WORK TASK:
A verbatim transcription of the listing below is required, without its pictures.

SUPPLIED MATERIAL:
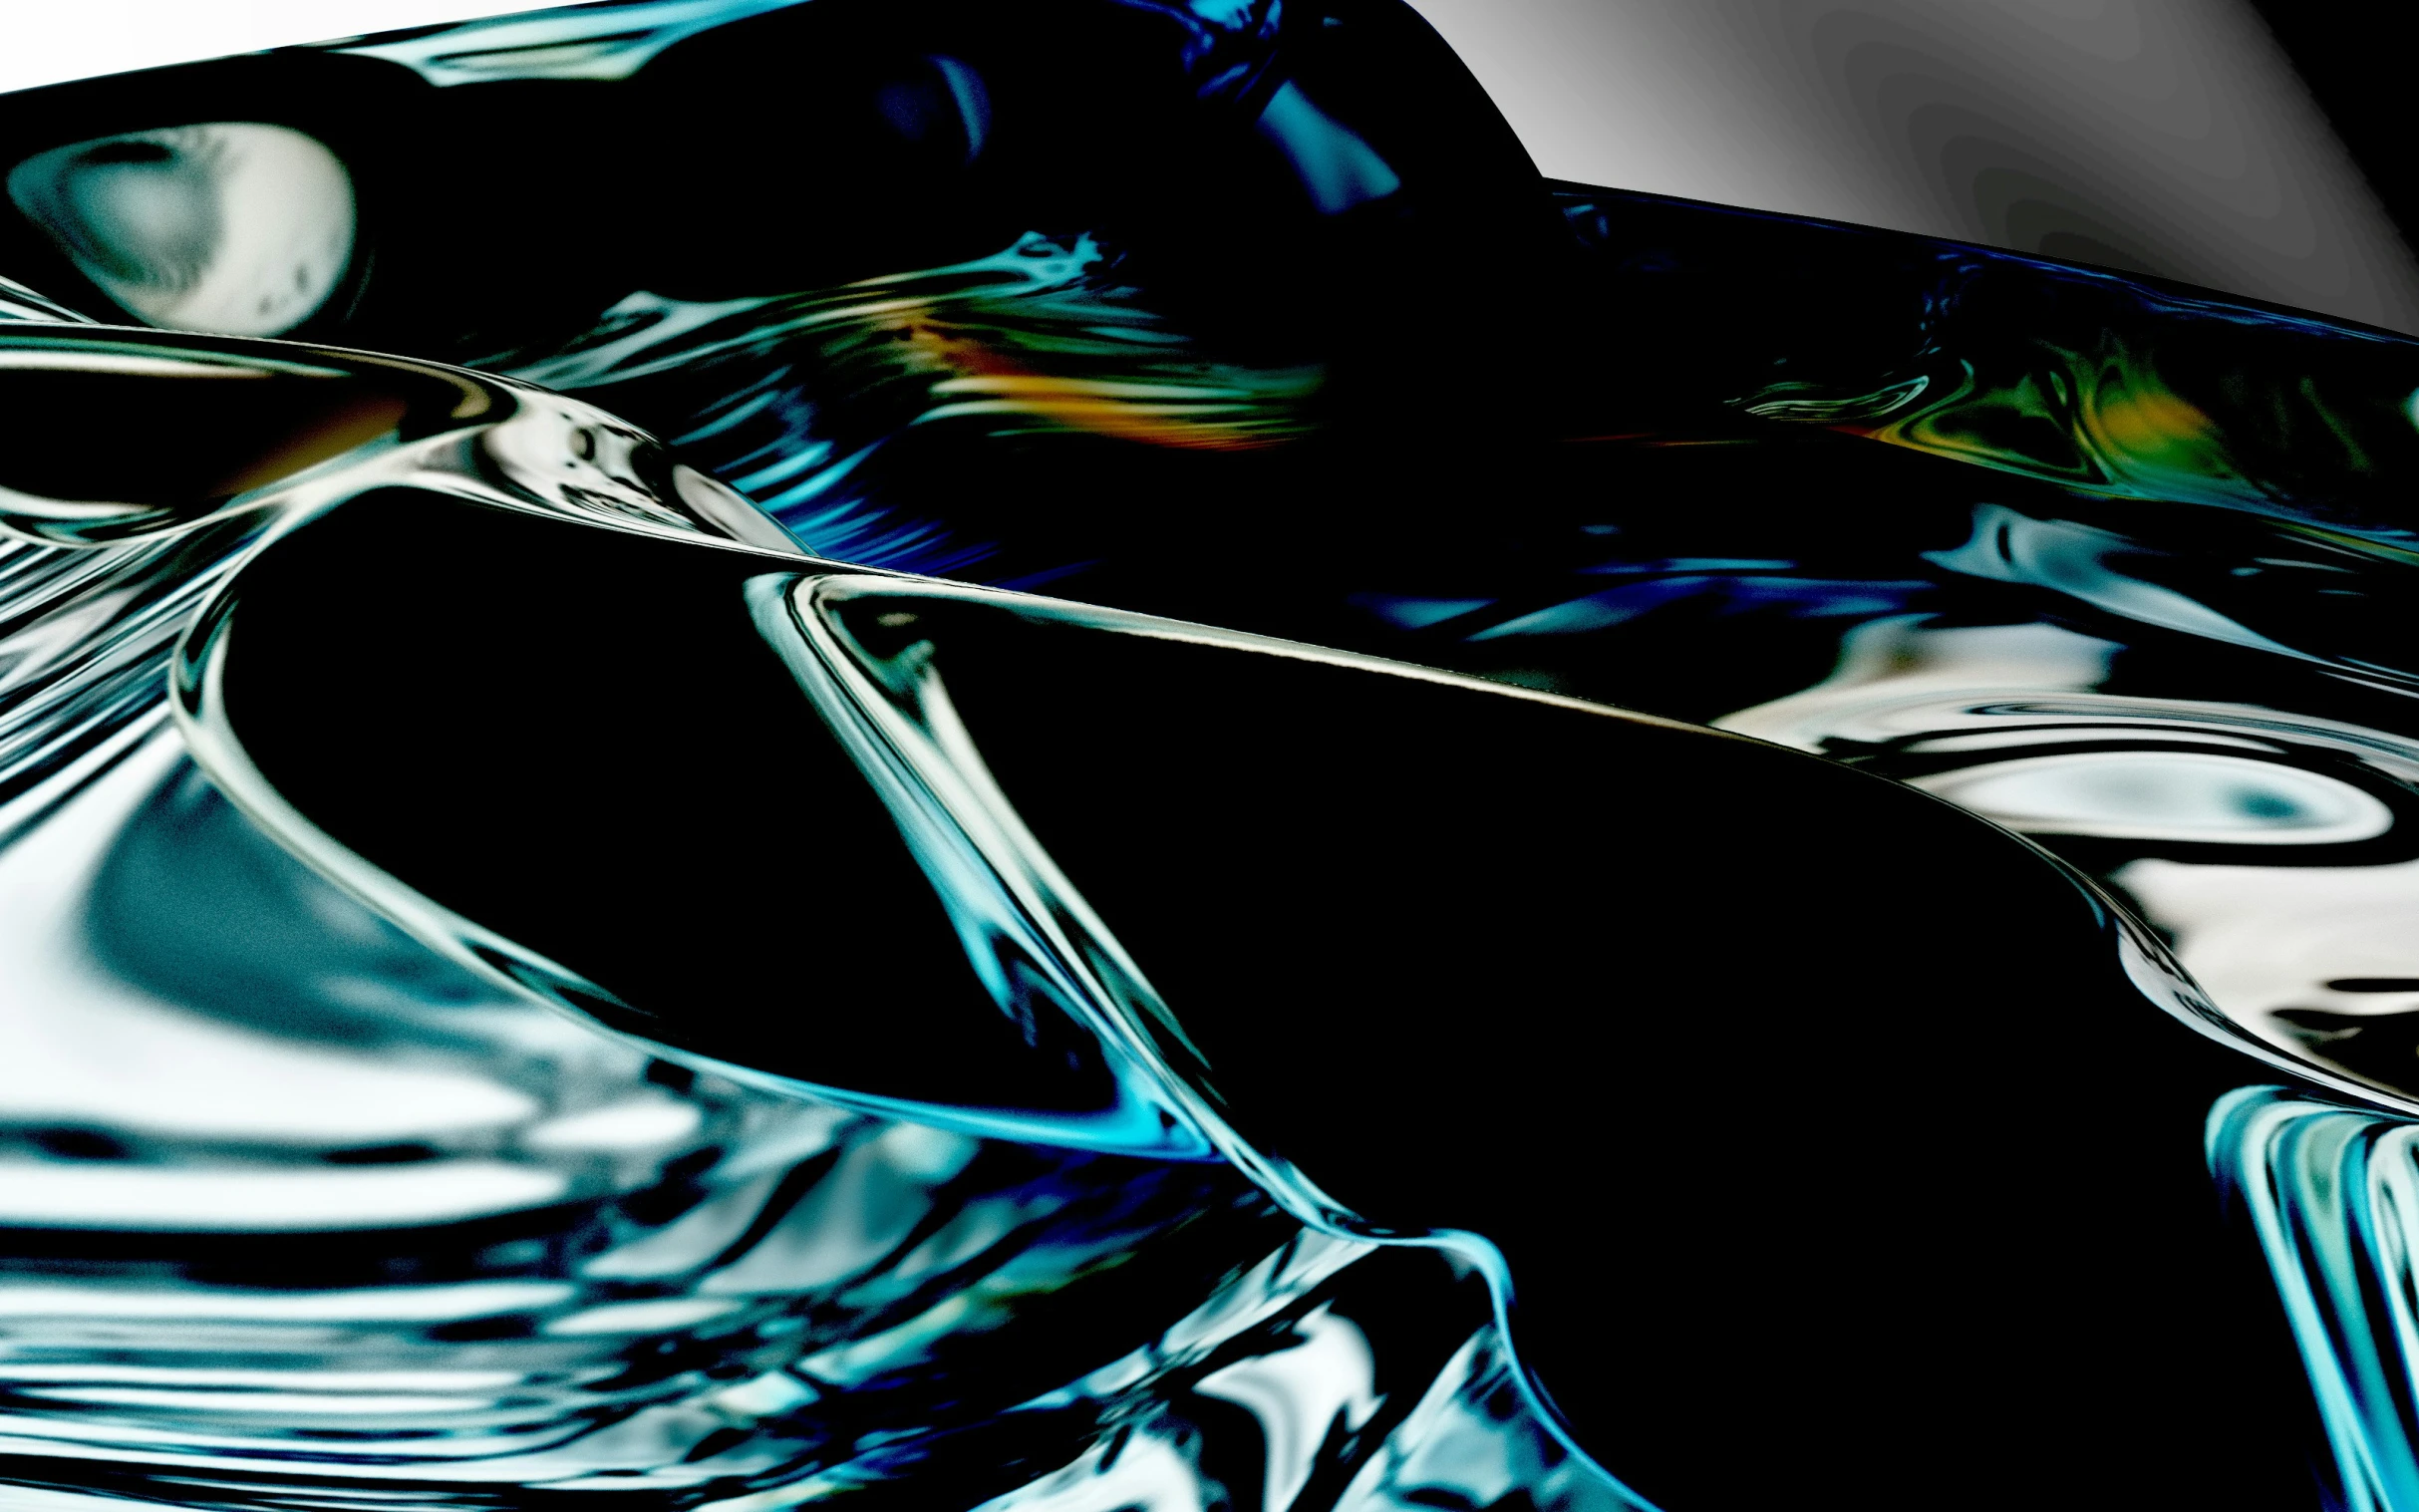 water is swirling on the surface of a glass
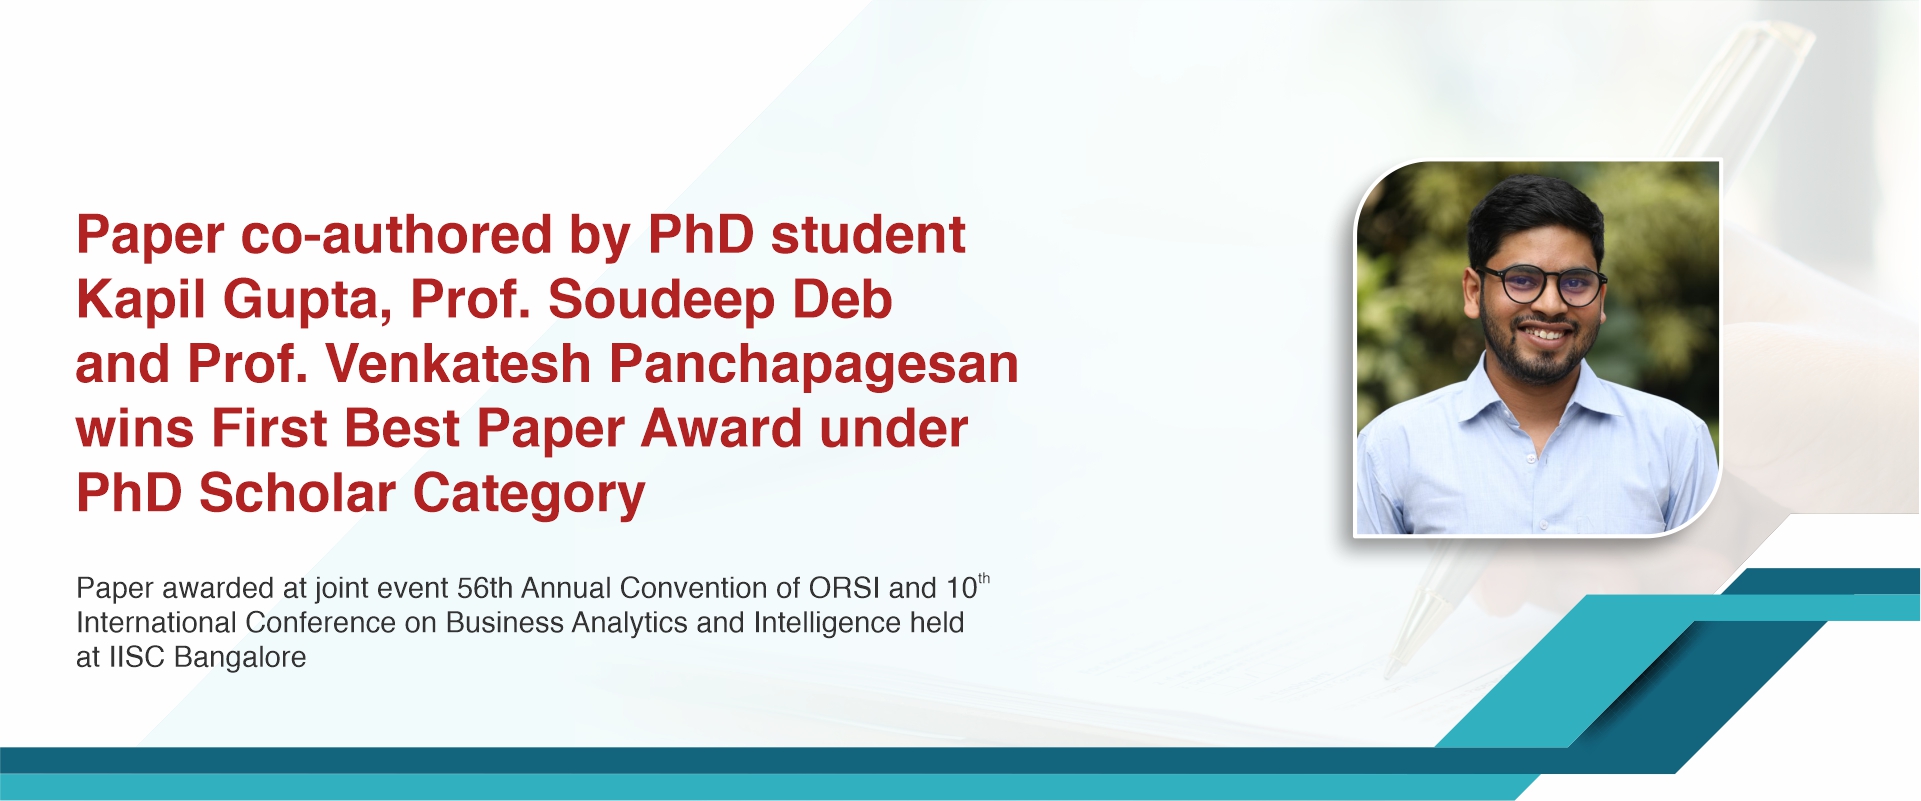 Paper co-authored by PhD student Kapil Gupta, Prof. Soudeep Deb and Prof. Venkatesh Panchapagesan wins First Best Paper Award under PhD Scholar Category
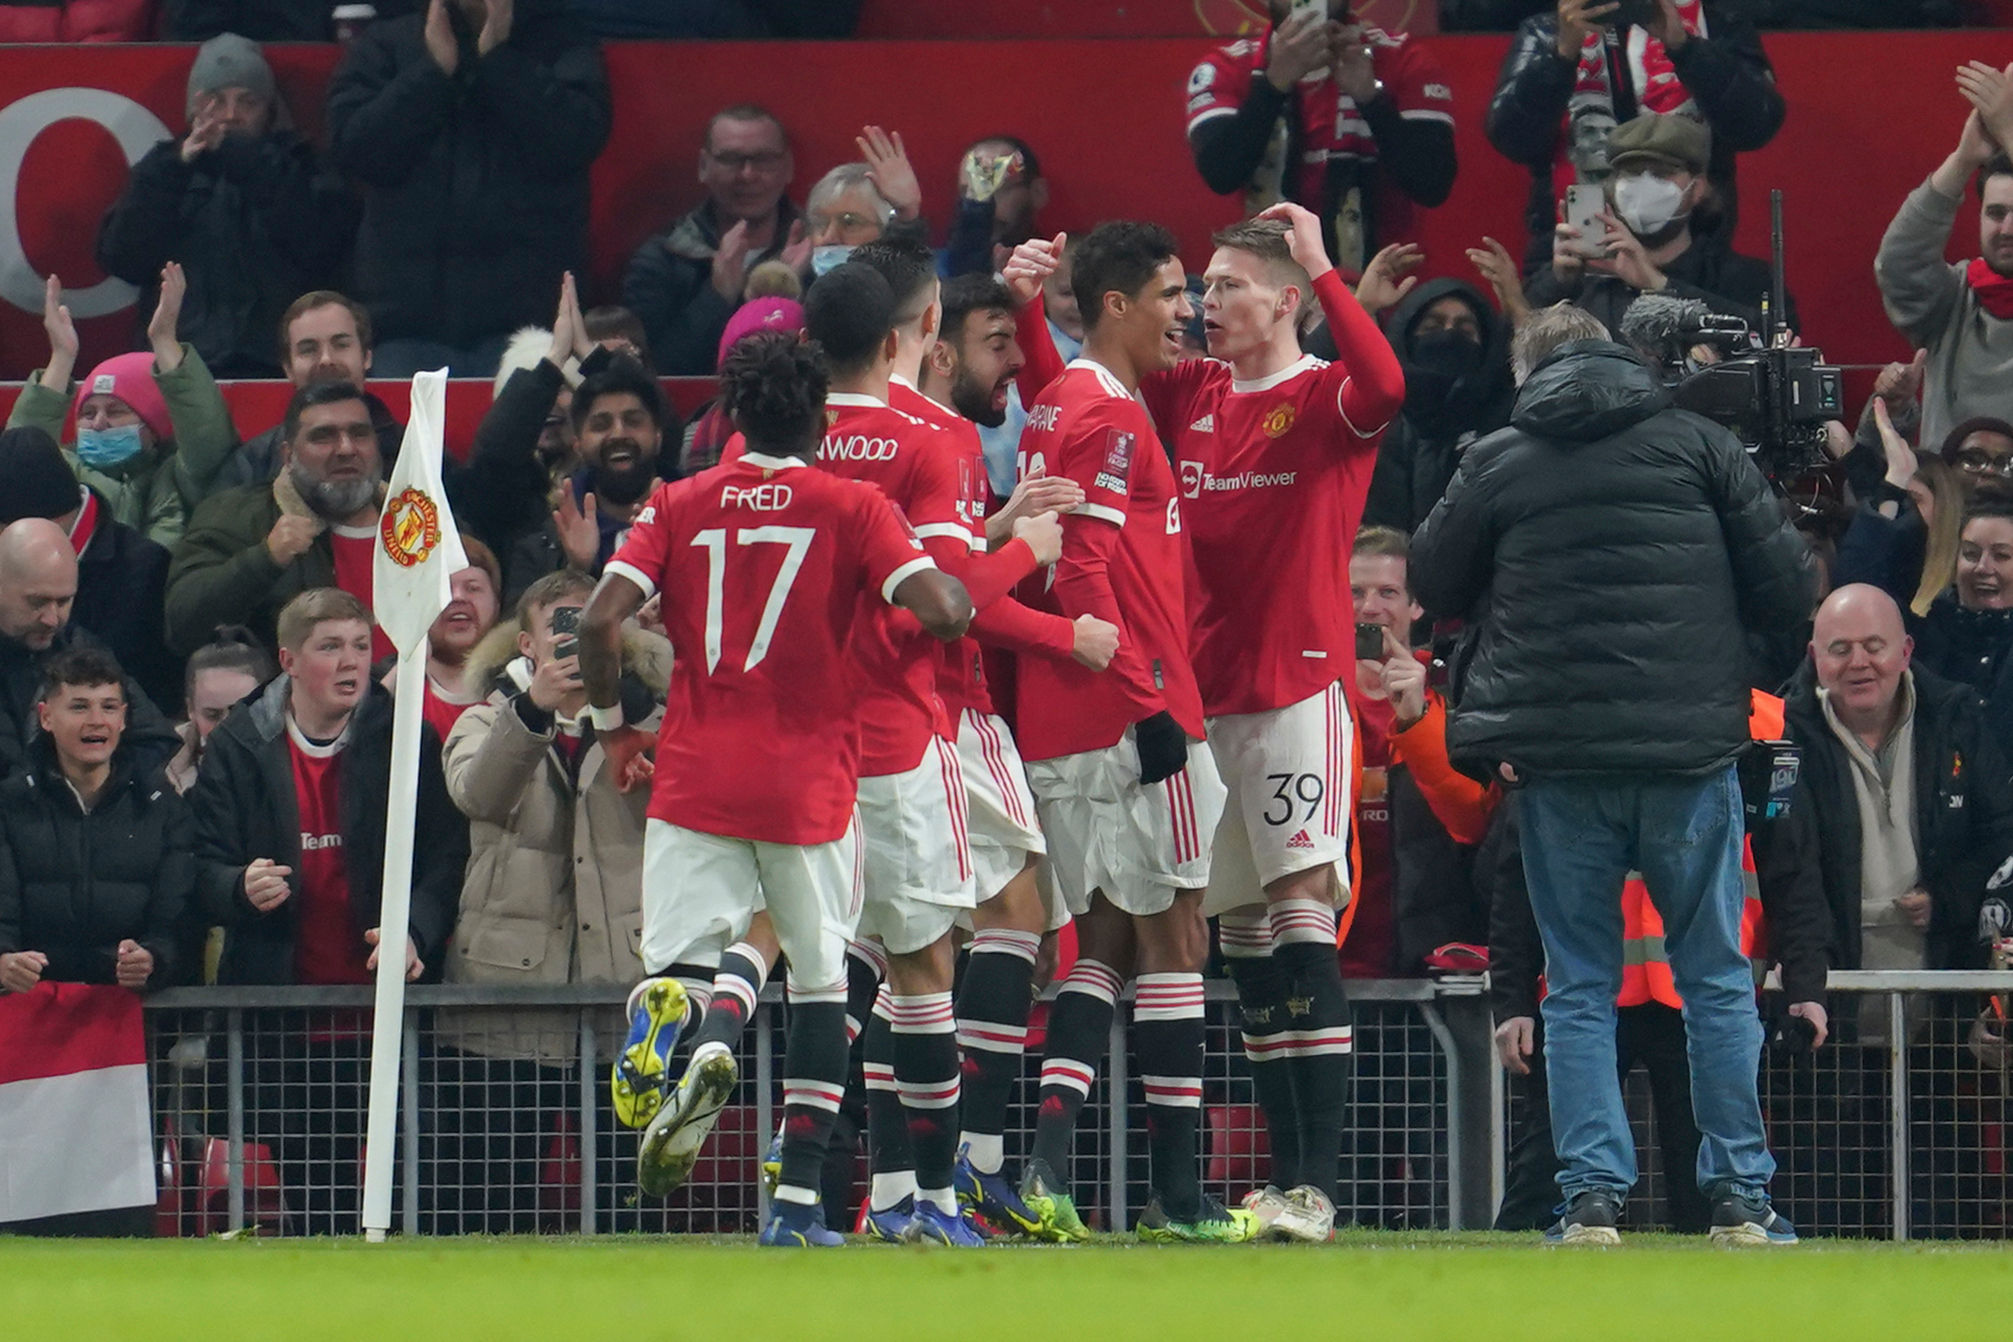 FA Cup: Without Ronaldo, Manchester United labour to 1-0 win over Aston Villa

TASK ANSWER:
 water is swirling on the surface of a glass
 Paper co-authored by PhD student Kapil Gupta, Prof. Soudeep Deb and Prof. Venkatesh Panchapagesan wins First Best Paper Award under PhD Scholar Category
 FA Cup: Without Ronaldo, Manchester United labour to 1-0 win over Aston Villa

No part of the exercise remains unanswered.